So a lot has been going on over the past few weeks to a month, and its kind of driving me a bit crazy. Yesterday I found out that a very good friend of mine was moving. Over the past year I have had 2 people move, 1 attempt to move, a 4th getting ready to move, and countless amounts of people fall out of my life. Its been really difficult for me because all of these people are the people I'm closest to.
Funny how this works, funny how God works. I don't know if this is his sense of humor, or what but it drives me crazy. Over the past I don't know, six months maybe I've been very very very out of my faith, and my relationship with it has been, in my opinion, very dull and boring. The other day I asked him to shake things up, give me some excitement, make me remember why I believe what I believe. (I feel like that's a horrible thing to think but emotionally being where I was it made sense at the time). Then that happened, I found another very important person in my life was leaving.
All this movement though got me thinking. (Surprise right?! I was actually thinking, and thinking of something other than food, sleep, and Lauren Conrad). Any way, I was thinking about how important these people and my friends are to me, and it made me realize that I have taken advantage of them. It made me realize that I don't think the people I care about most, and love most know how much I actually love and care about them. I take advantage of their friendships by doing nothing to show how much they mean to me. Last night I was very emotional, about the whole moving thing but I got a phone call, a phone call that I really needed. It was a good friend of mine calling to tell me that she had an amazing day with me, and it made her happy that all the crap that had gone on earlier in the year was the last thing on her mind. She took the time to actually call me, and have a conversation with me being totally and completely open about it, and that is something I almost never do. Funny how one thing can make you realize so many other things.
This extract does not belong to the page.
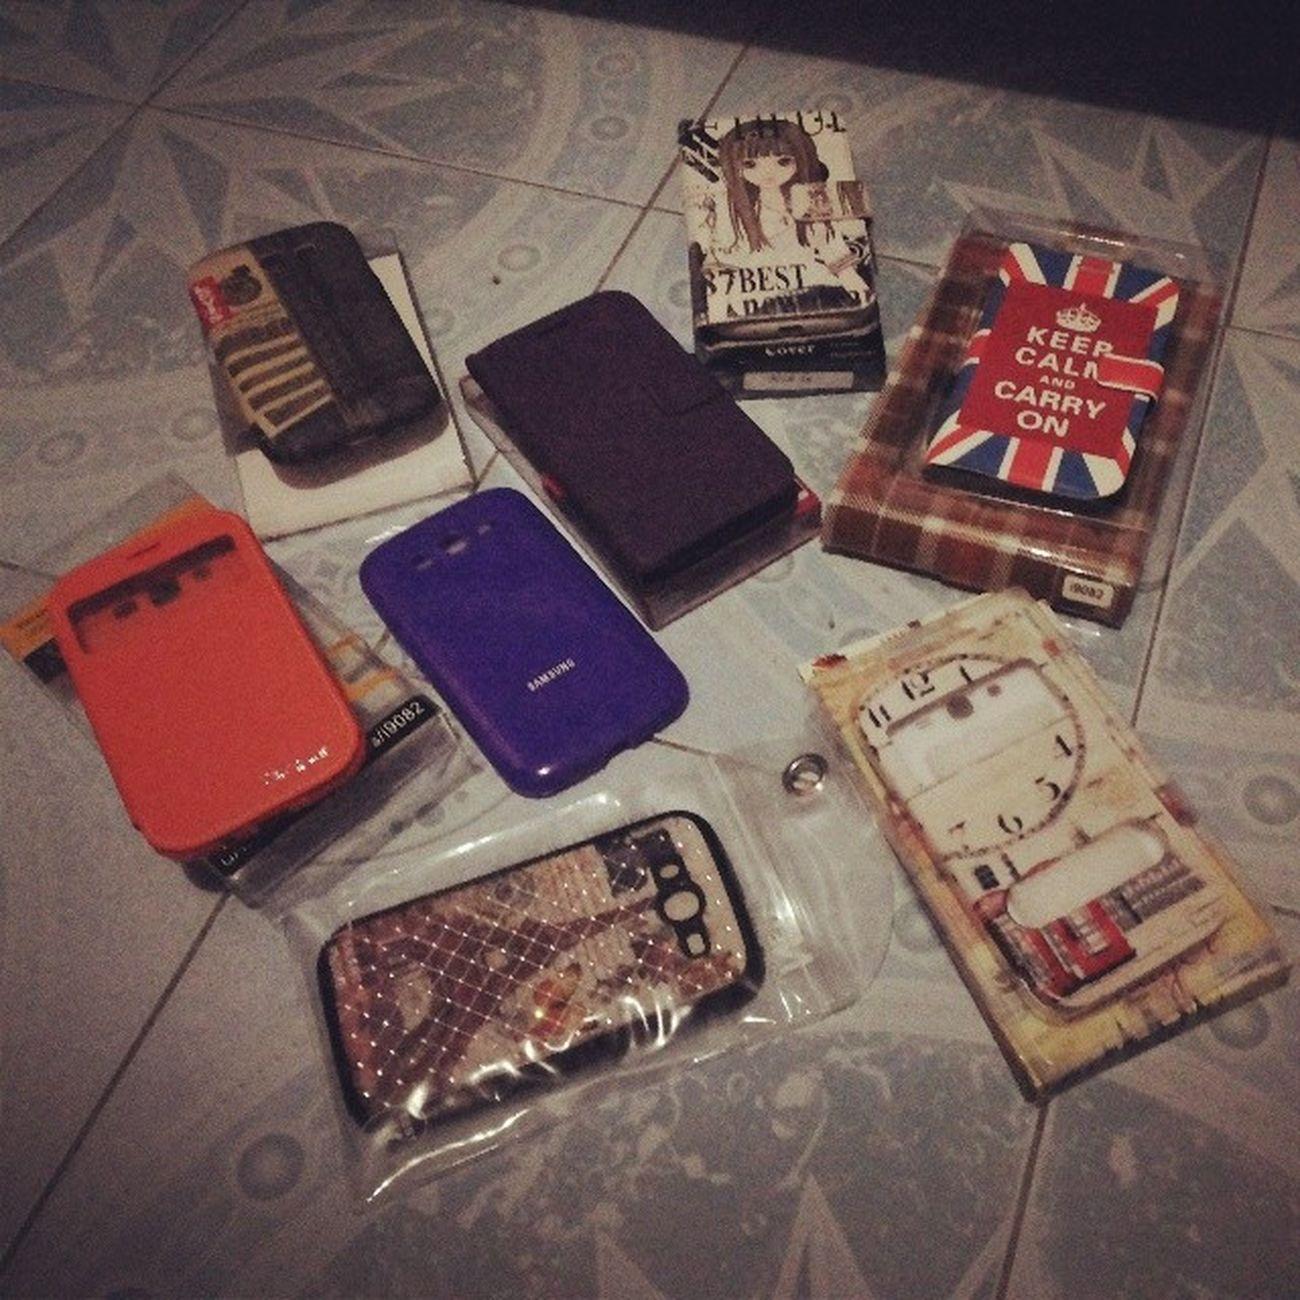 My collection case Flip Case Vintage Keepcalmandcarryon levi's targus orange .... kyak gini aje abis 500rbu :(
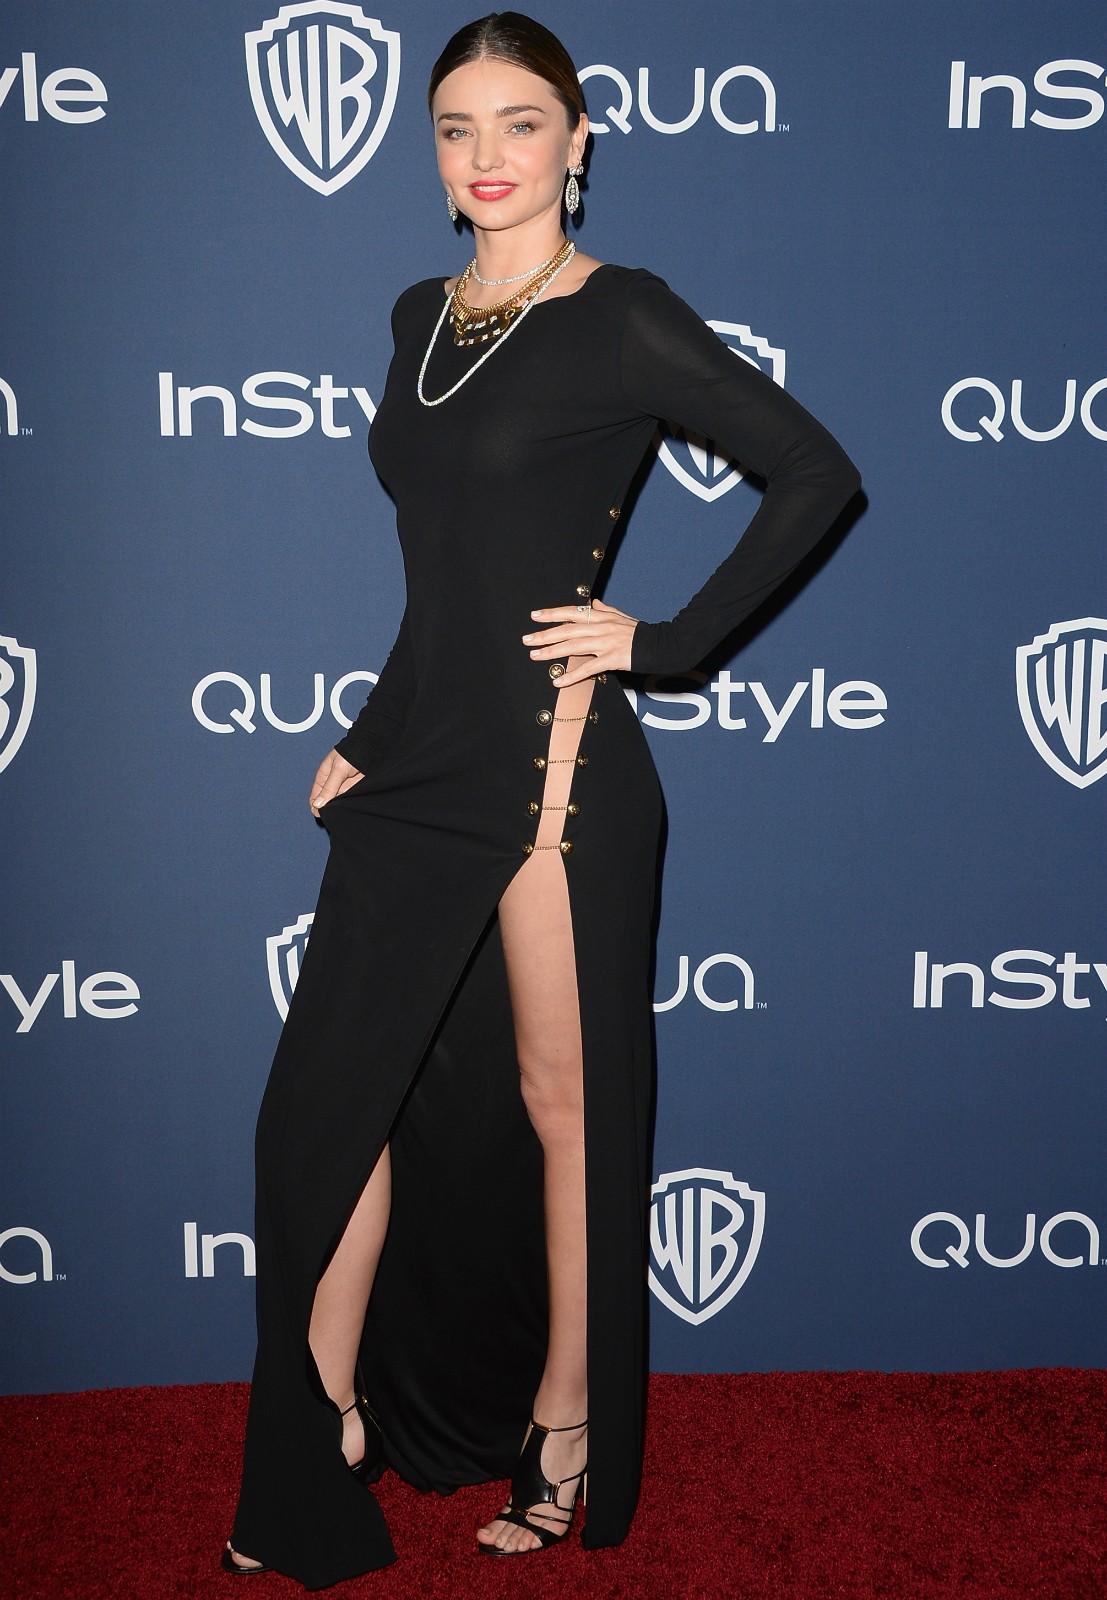 A supermodelo australiana Miranda Kerr numa festa pós-Globo de Ouro 2014. (Foto: Getty Images)

I think this, once again, is Gods way of telling me to get out of my comfort zone. It happened last time someone moved, and its happening again. He's telling me "Hey you wanted me to shake things up in your life? Well I can shake them up bad. Trust me It'll be good though." Its time for me to get out of my comfort zone, be more in depth, emotional, and loving towards my friends, and trust that all the crazy shit thats happening right now will eventually bring my faith into a better place.